Activity - Starting at the line that contains "Дополнительная машинка для" and stopping at the line that contains "Johann Wolfgang Amadeus", restate each line of the records below exactly. Omit the pictures.

Information given -
■ ■ ■ ■ ■ ■ ■
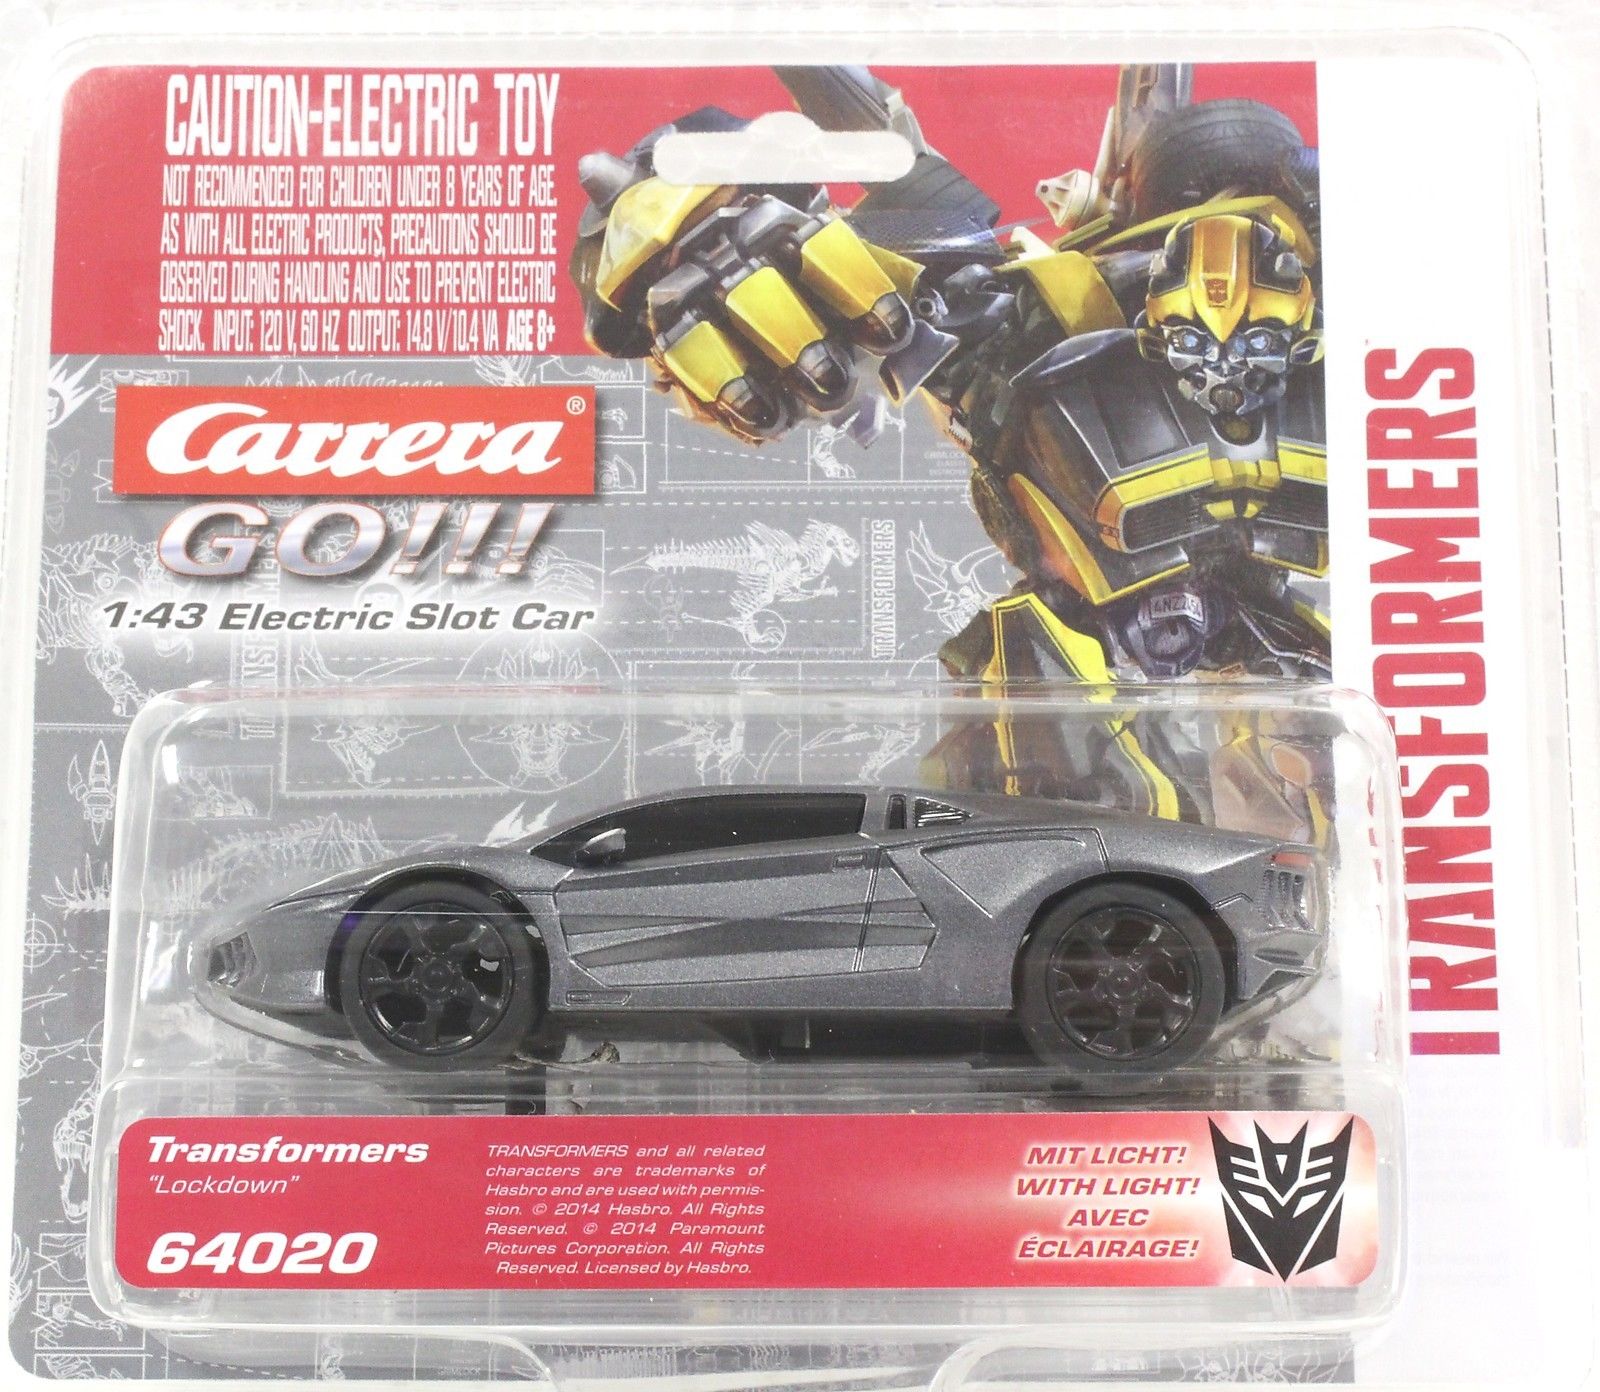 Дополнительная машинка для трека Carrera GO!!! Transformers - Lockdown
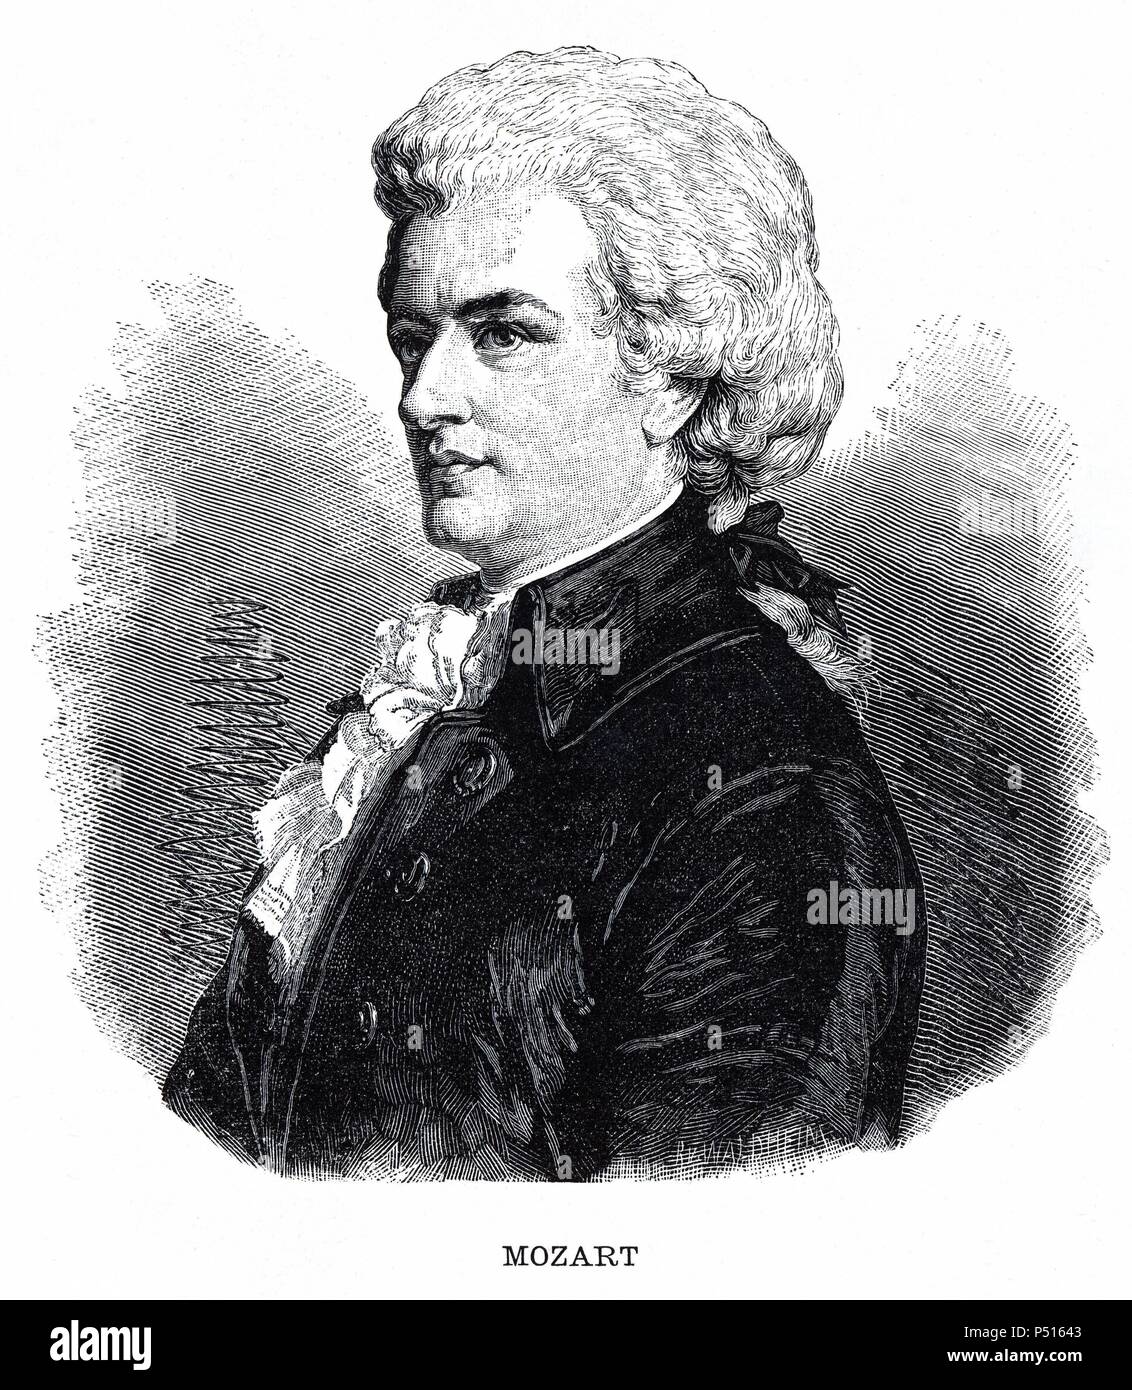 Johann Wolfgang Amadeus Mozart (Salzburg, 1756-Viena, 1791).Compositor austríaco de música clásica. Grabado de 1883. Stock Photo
■ ■ ■ ■ ■ ■ ■
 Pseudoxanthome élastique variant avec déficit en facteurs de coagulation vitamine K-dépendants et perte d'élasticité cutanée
■ ■ ■ ■ ■ ■ ■
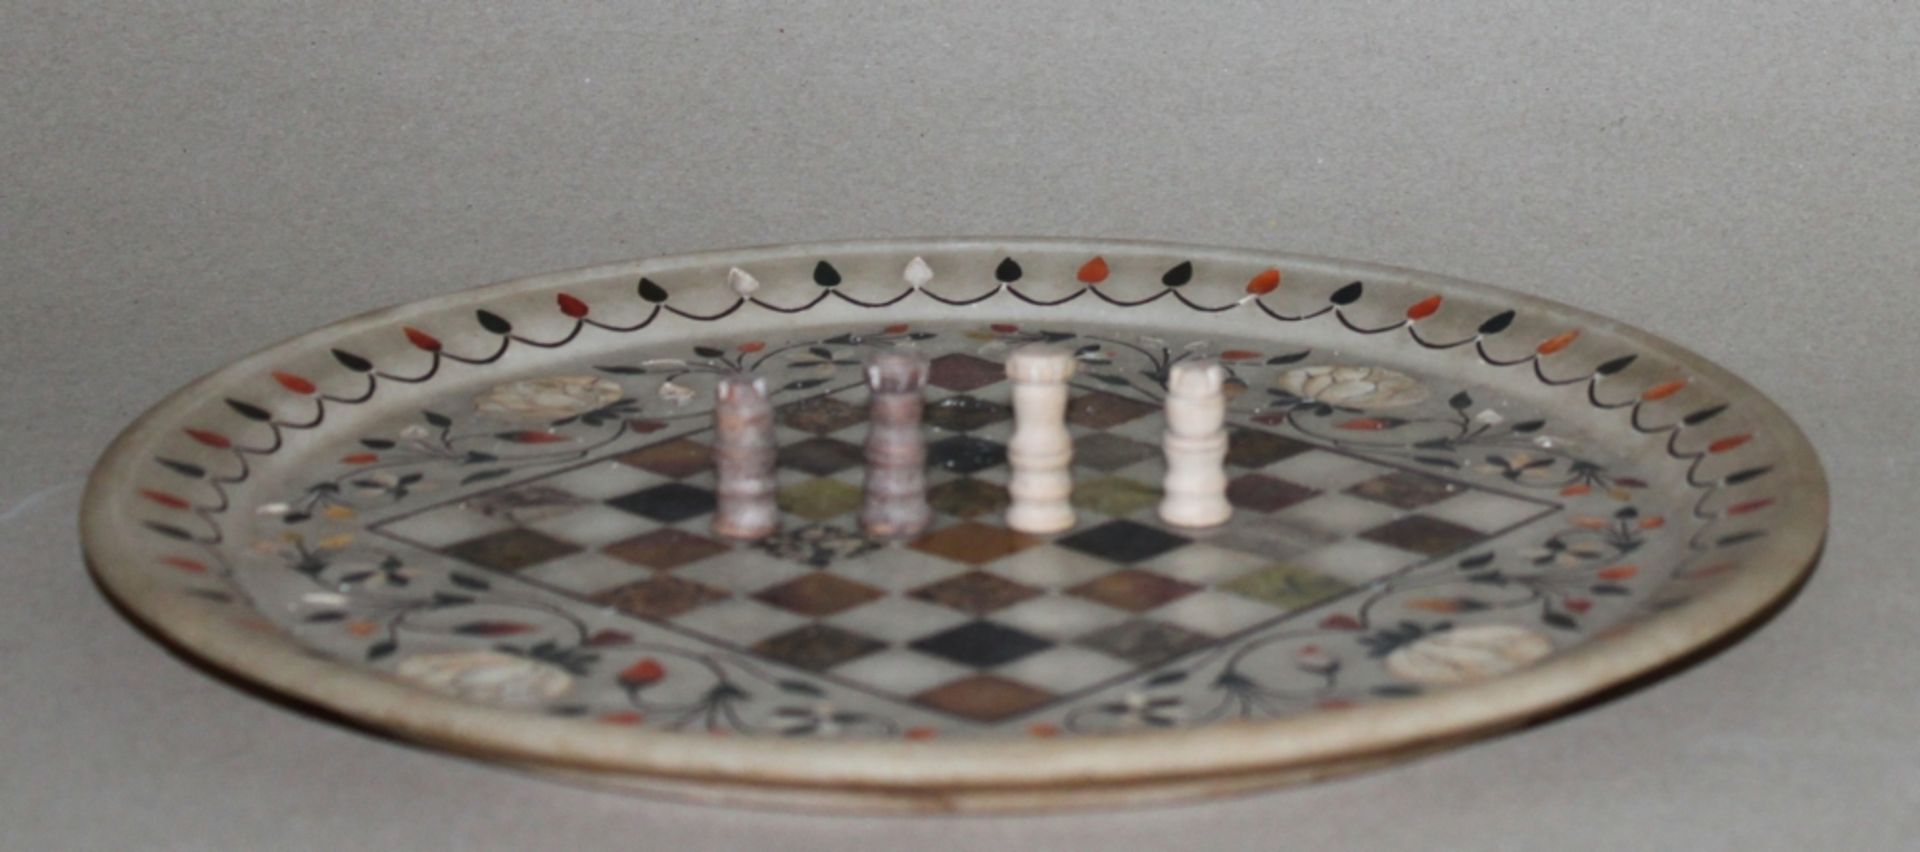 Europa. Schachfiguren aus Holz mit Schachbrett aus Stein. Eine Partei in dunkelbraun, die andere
■ ■ ■ ■ ■ ■ ■
Task output -
 Дополнительная машинка для трека Carrera GO!!! Transformers - Lockdown
 Johann Wolfgang Amadeus Mozart (Salzburg, 1756-Viena, 1791).Compositor austríaco de música clásica. Grabado de 1883. Stock Photo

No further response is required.